3

The actual problem is in some machine learning application, and the data gets a little complex. So here's an MWE that captures the essence of the problem:

I have two arrays made as follows:

L = np.arange(12).reshape(4,3)
M = np.arange(12).reshape(6,2)

Now, I want to find the rows R in L, such that there exists some row in M that is made up of all the elements in R except the last one.

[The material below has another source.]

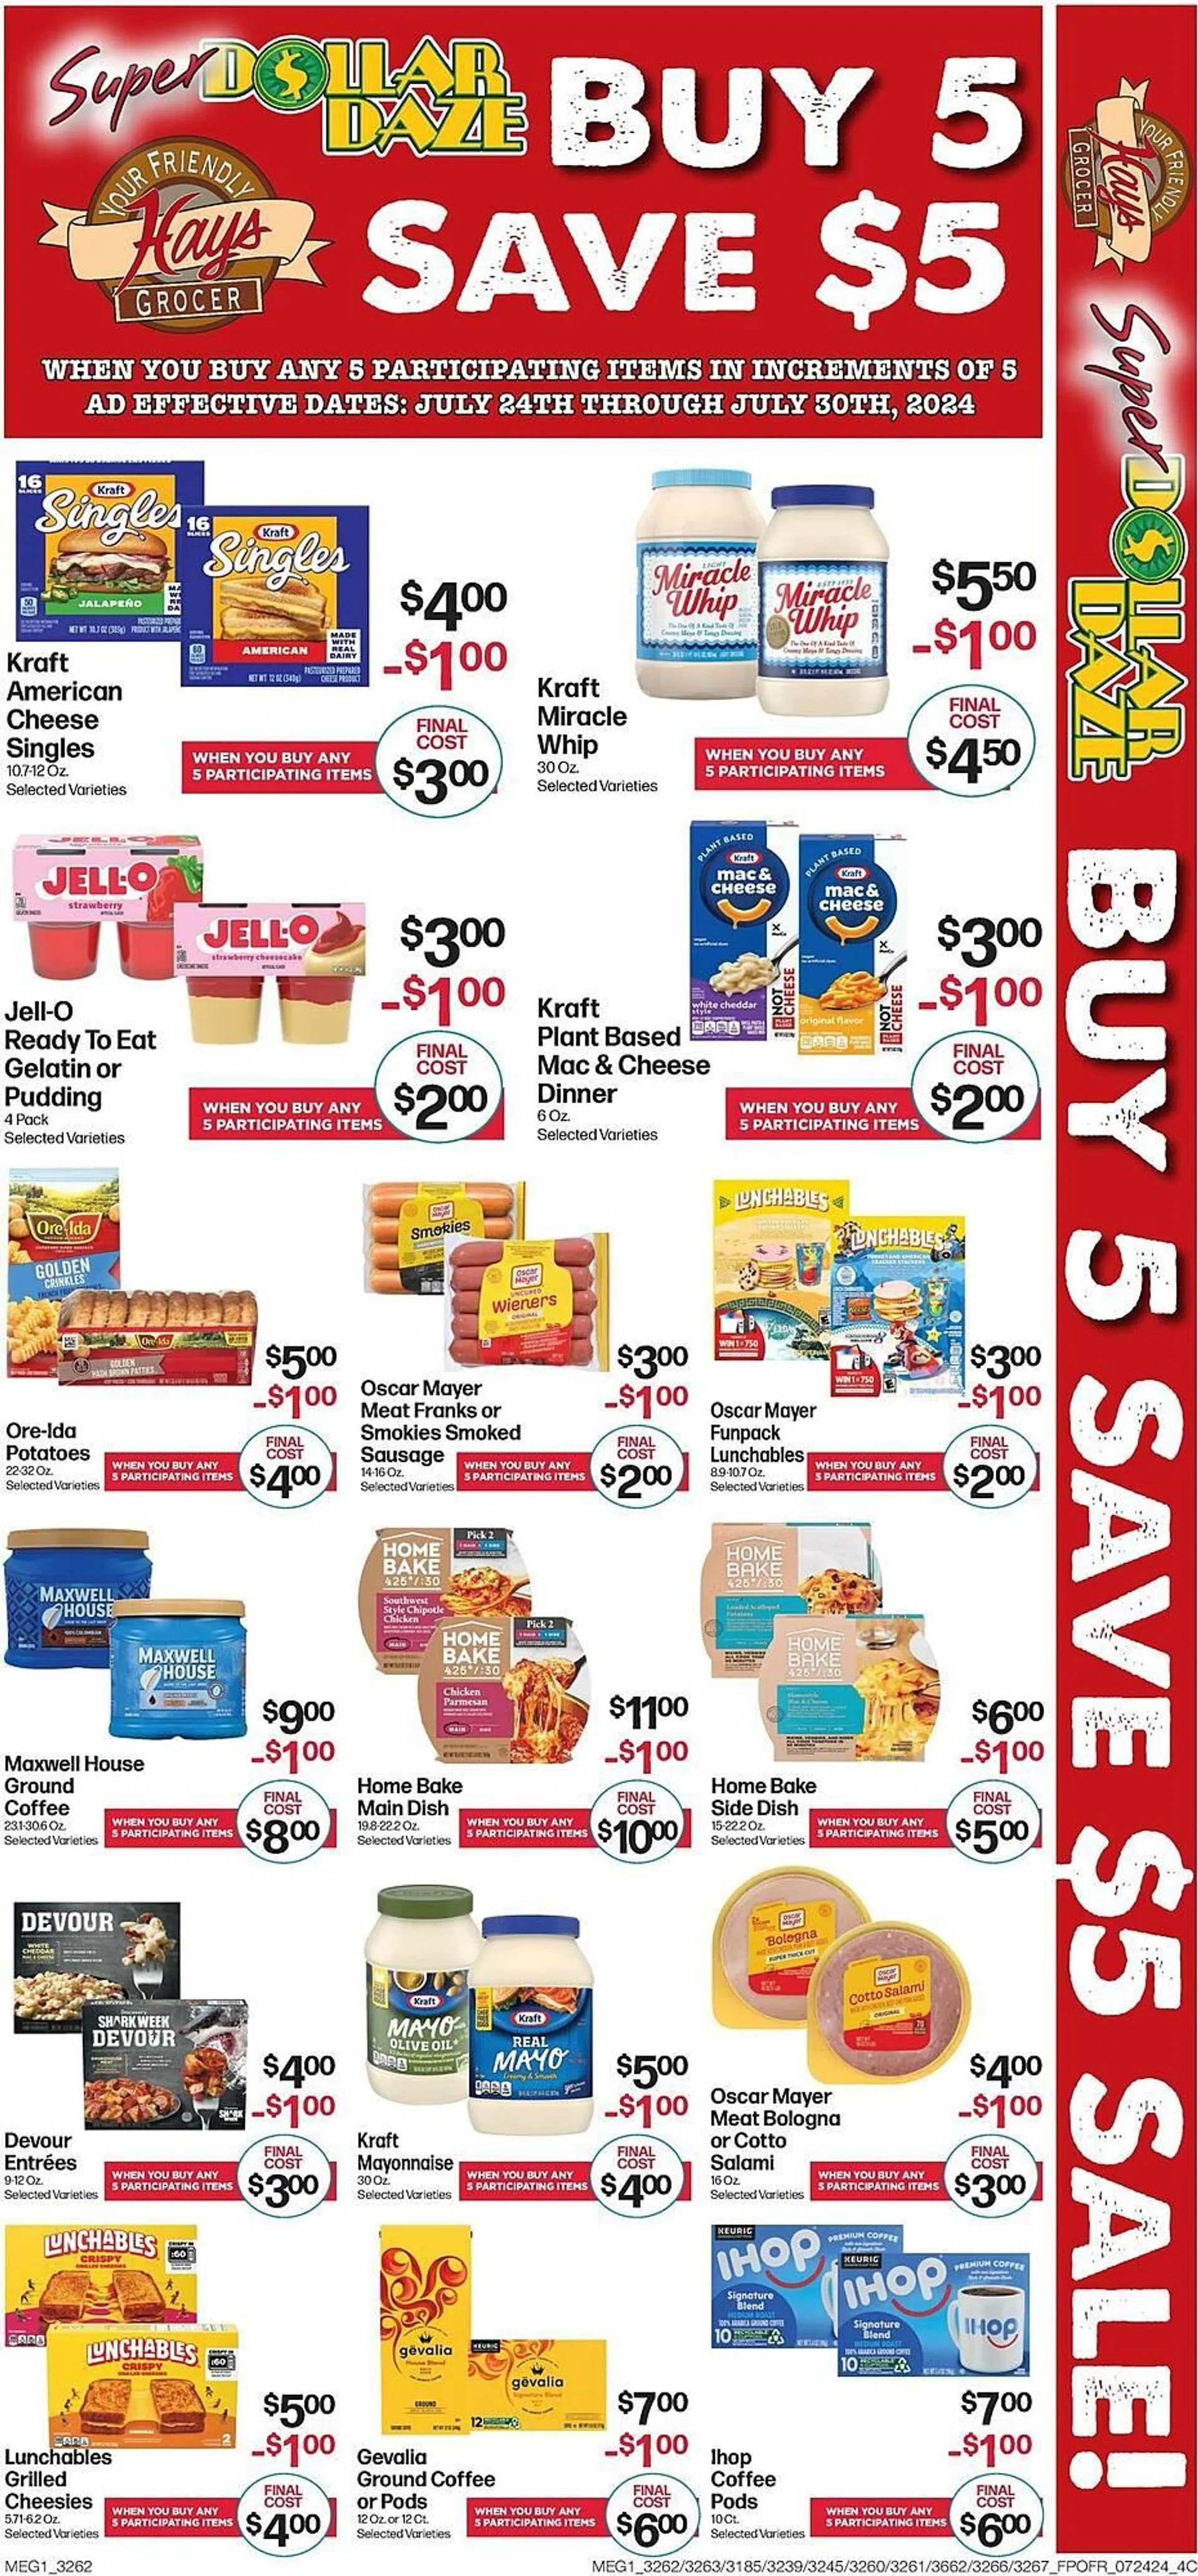 Hays Supermarket Weekly Ad - 1

From the above example code, L and M look like this:

array([[ 0,  1,  2],  # L
       [ 3,  4,  5],
       [ 6,  7,  8],
       [ 9, 10, 11]])

array([[ 0,  1],  # M
       [ 2,  3],
       [ 4,  5],
       [ 6,  7],
       [ 8,  9],
       [10, 11]])

I would like from these, the marked rows in L, as a numpy array:

array([[ 0,  1,  2],
       [ 6,  7,  8]])

If I were representing L and M as python lists, I would have done this:

L = [[0, 1, 2], [3, 4, 5], [6, 7, 8], [9, 10, 11]]
M = [[0, 1], [2, 3], [4, 5], [6, 7], [8, 9], [10, 11]]
answer = [R for R in L if R[:-1] in M]

Now, I know that I can use a similar list comprehension in numpy and cast the result into an array, numpy being as awesome as it is, probably has a more elegant way to do this that I don't know about.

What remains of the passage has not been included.